• [Work instruction]: Set down every record below exactly as written, but leave out the pictures.

Saved data entries:

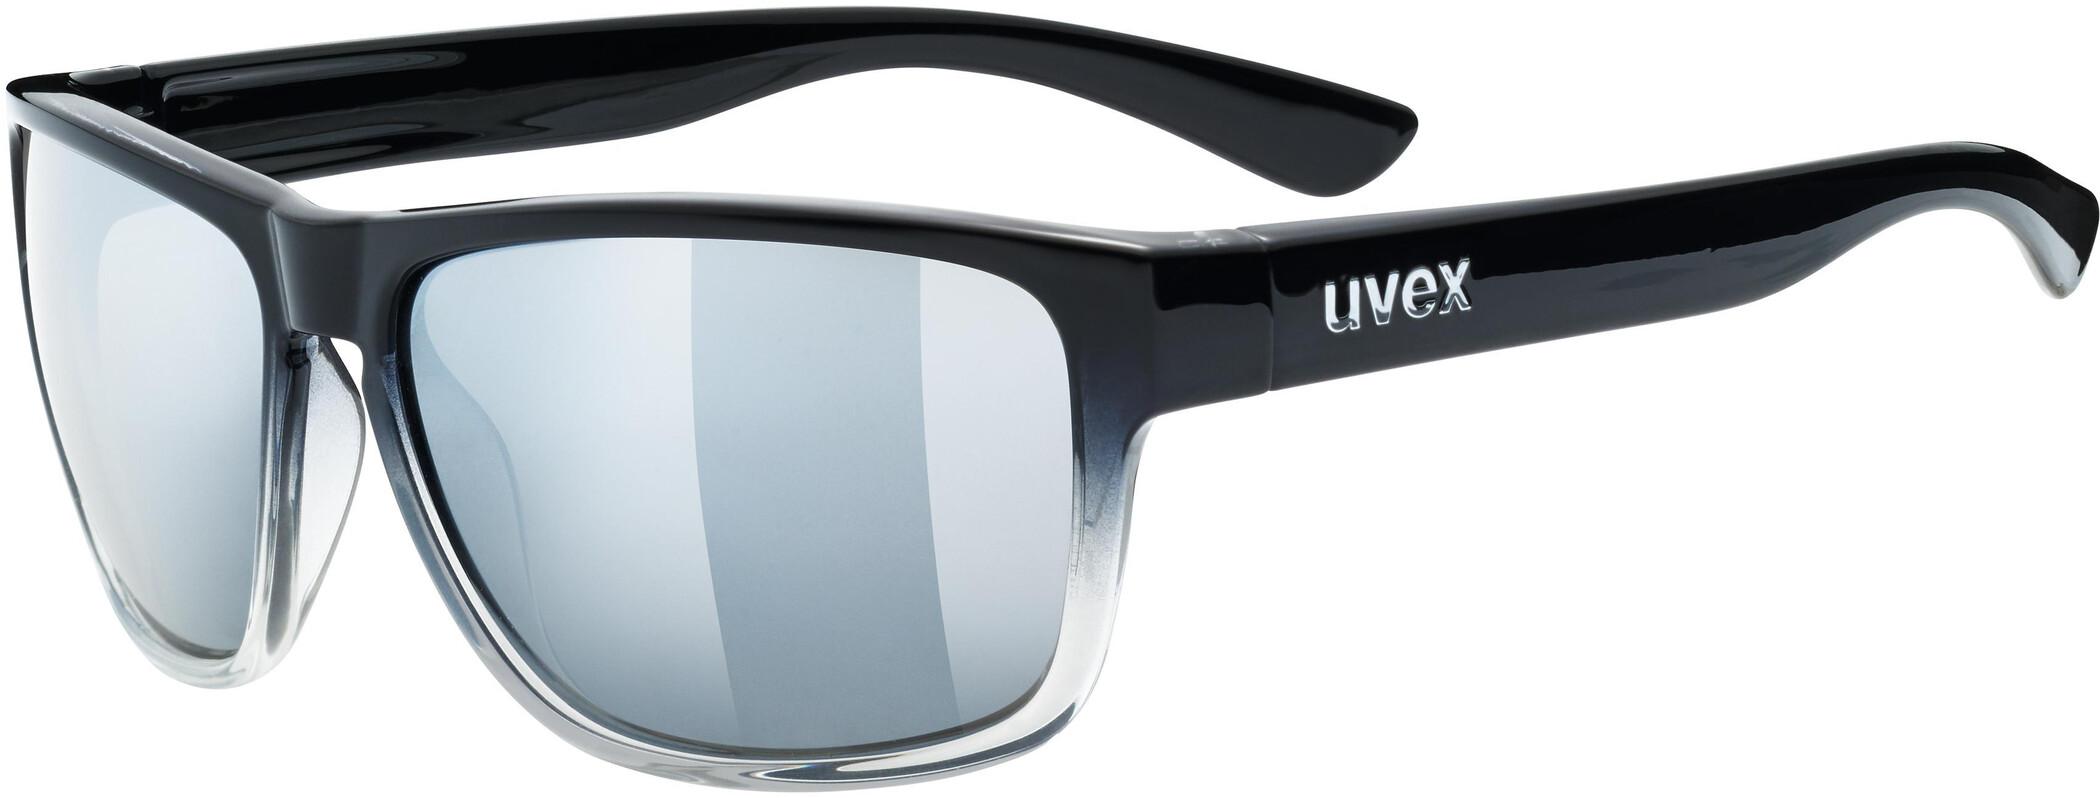 Uvex Brillen »sgl 802 vario«, bunt, blue white/variomatic
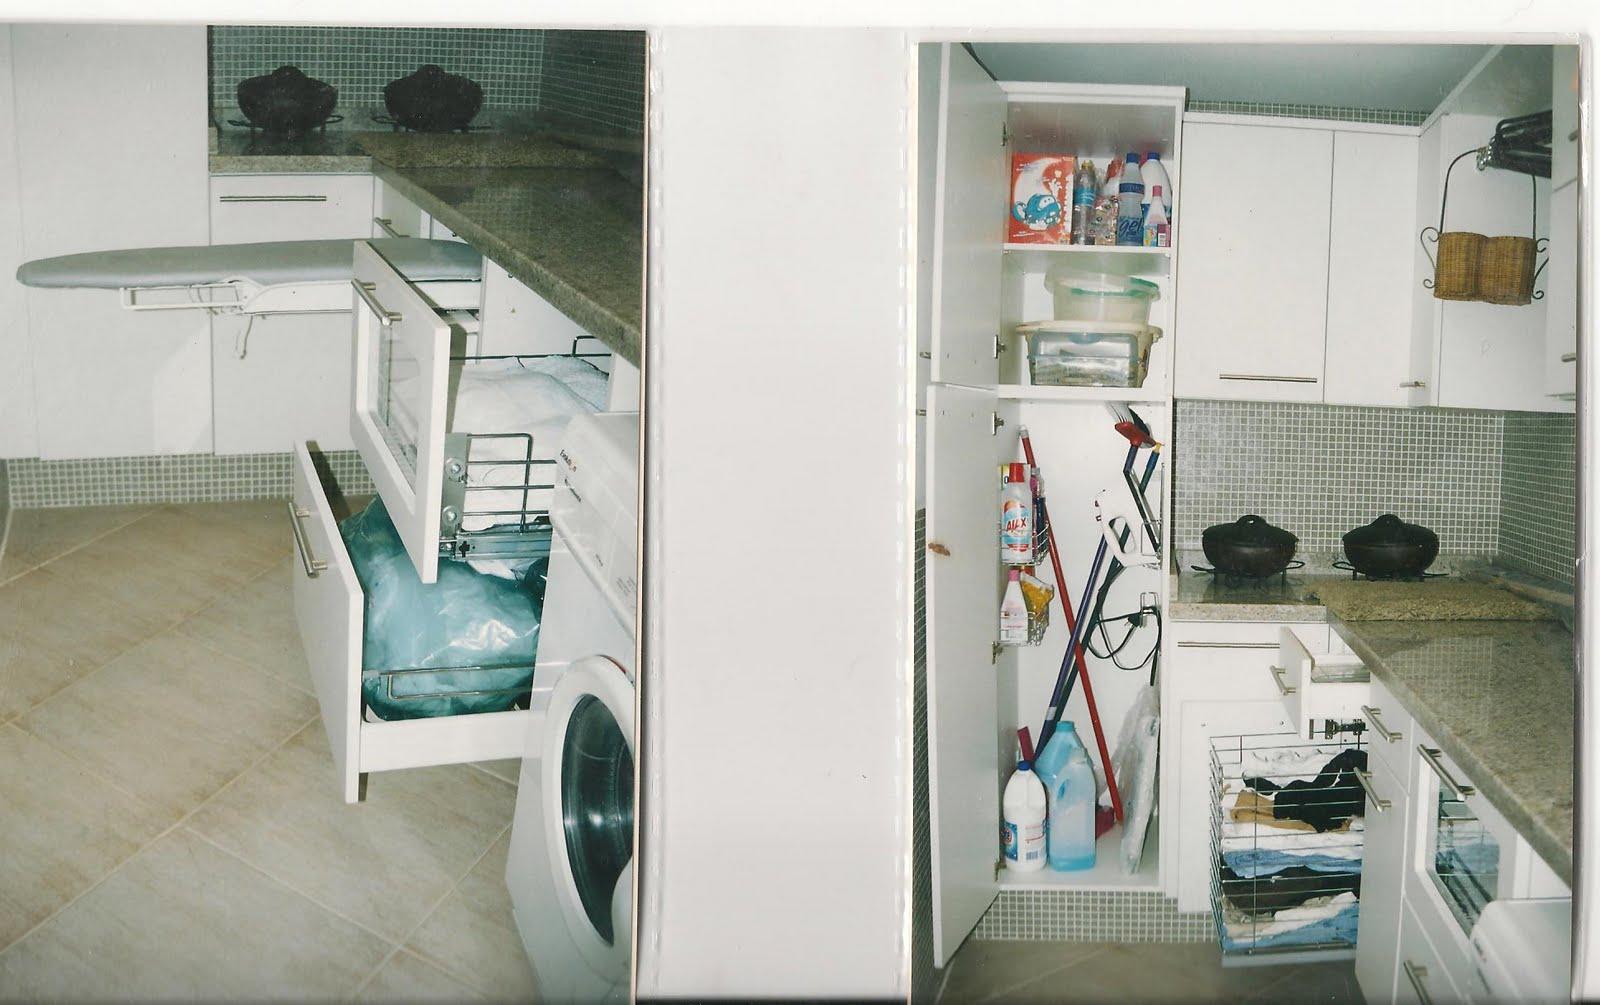 #486A66 Ter o lugar certinho de colocar aquelas tralhas de lavanderia é  1600x1005 px Projetos Cozinha Lavanderia_5095 Imagens
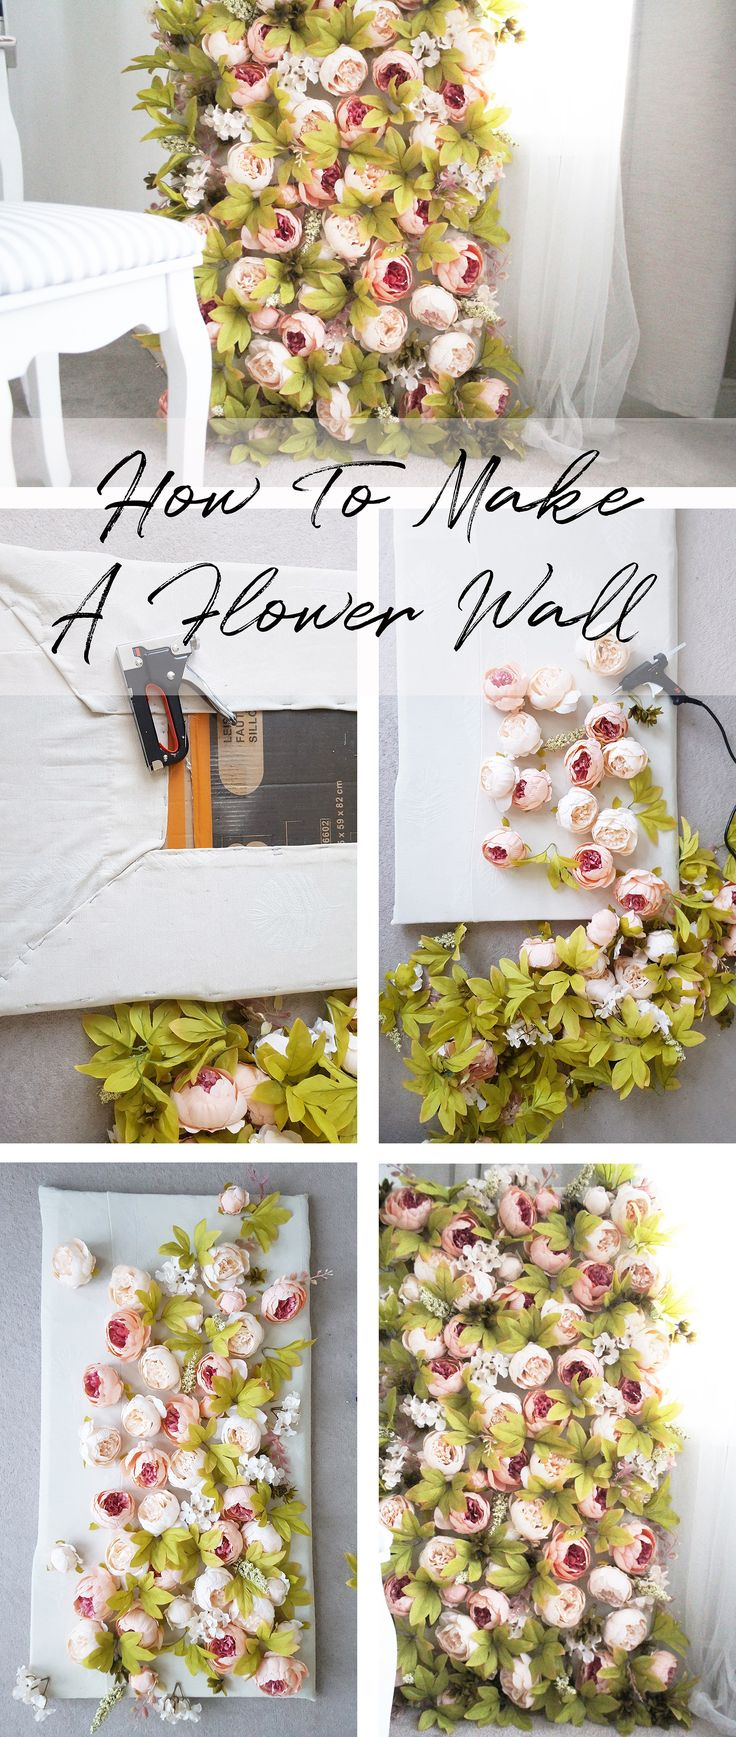 HOW TO MAKE A FLOWERWALL DIY #diy #howtos #diyflowerwall flowerwall #pinkflowers #pinkpeonies #weddingdecor #weddings #weddinginspo #interiors #interiorinspo #homedecor #homeinspo #decorations #decor #weddingdecorations
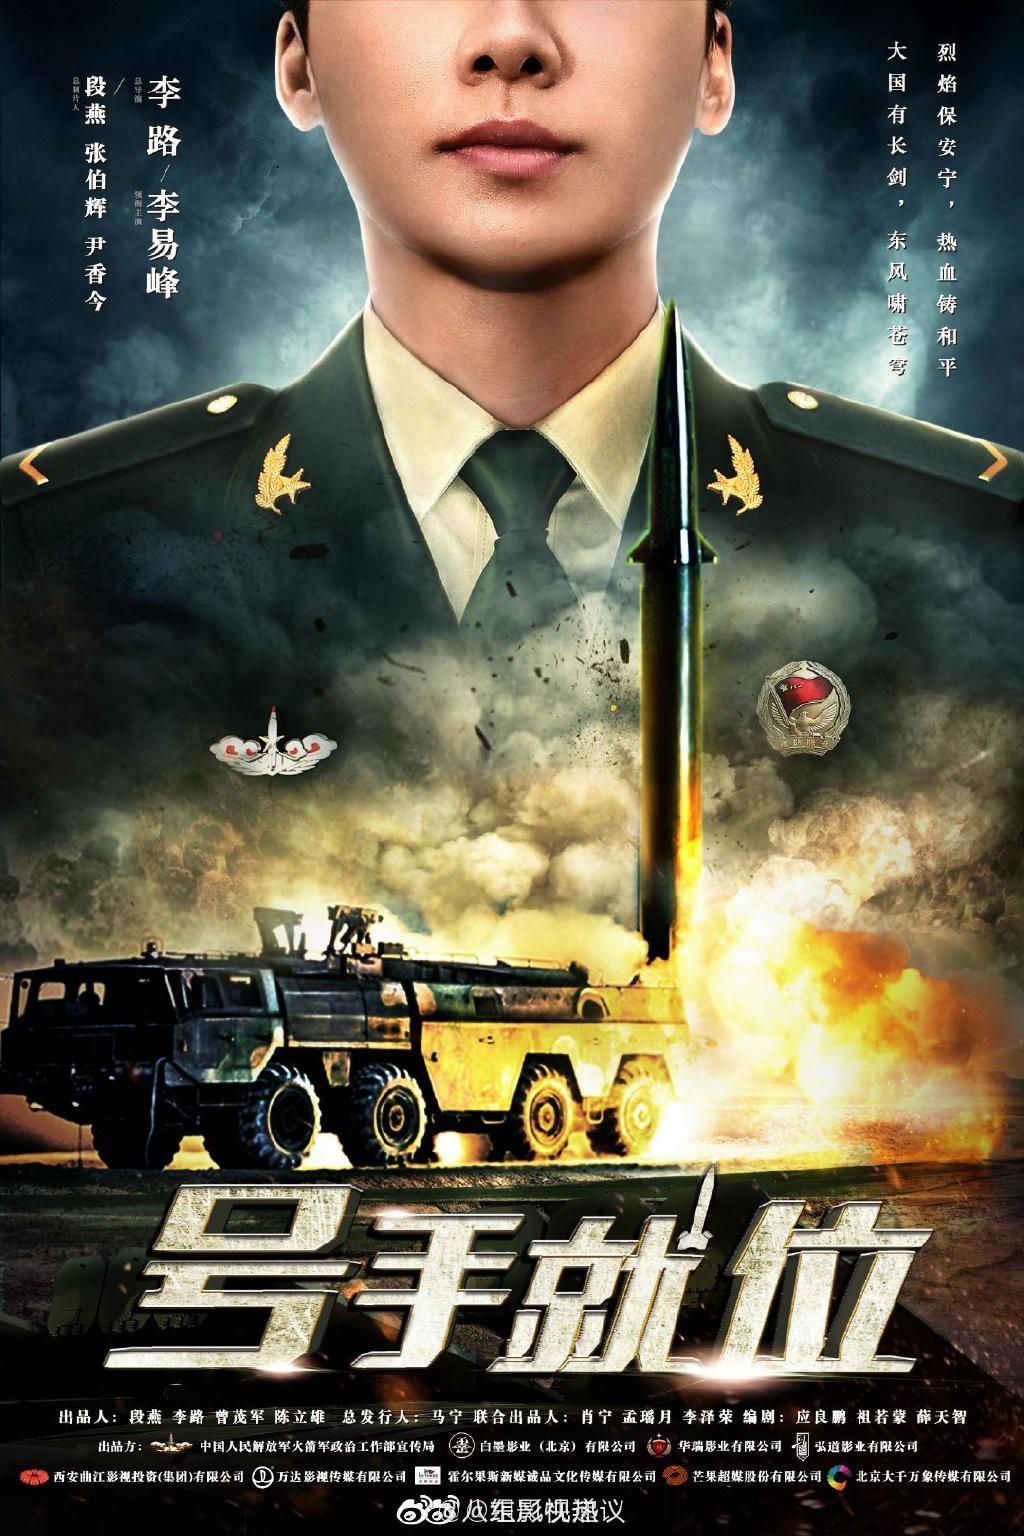 Sức hút mãnh liệt của Lý Dịch Phong: Trước thông báo hạn chế phim của Cục Quảng Điện vẫn vững vàng đồng hành với 3 bộ phim - Ảnh 3.
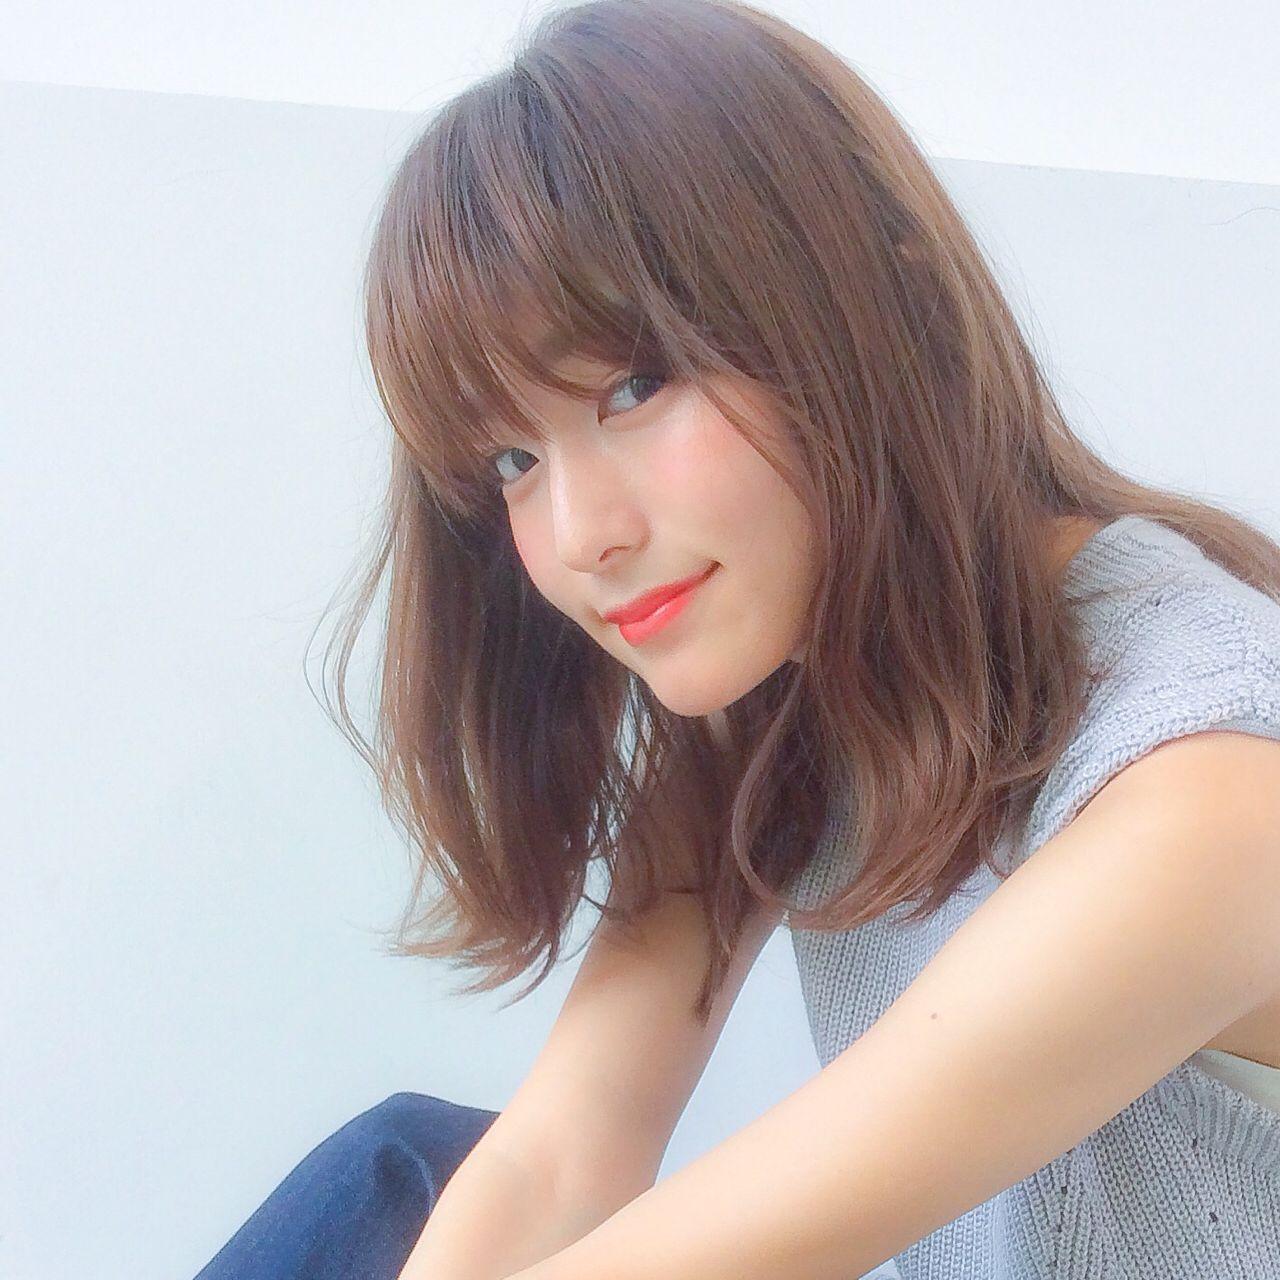 ザクザクがおしゃれ♡「シースルーバング」「ザクザクバング」でサクッとイメチェン☆ 細田真吾

• [The answer]:
 Uvex Brillen »sgl 802 vario«, bunt, blue white/variomatic
 #486A66 Ter o lugar certinho de colocar aquelas tralhas de lavanderia é  1600x1005 px Projetos Cozinha Lavanderia_5095 Imagens
 HOW TO MAKE A FLOWERWALL DIY #diy #howtos #diyflowerwall flowerwall #pinkflowers #pinkpeonies #weddingdecor #weddings #weddinginspo #interiors #interiorinspo #homedecor #homeinspo #decorations #decor #weddingdecorations
 Sức hút mãnh liệt của Lý Dịch Phong: Trước thông báo hạn chế phim của Cục Quảng Điện vẫn vững vàng đồng hành với 3 bộ phim - Ảnh 3.
 ザクザクがおしゃれ♡「シースルーバング」「ザクザクバング」でサクッとイメチェン☆ 細田真吾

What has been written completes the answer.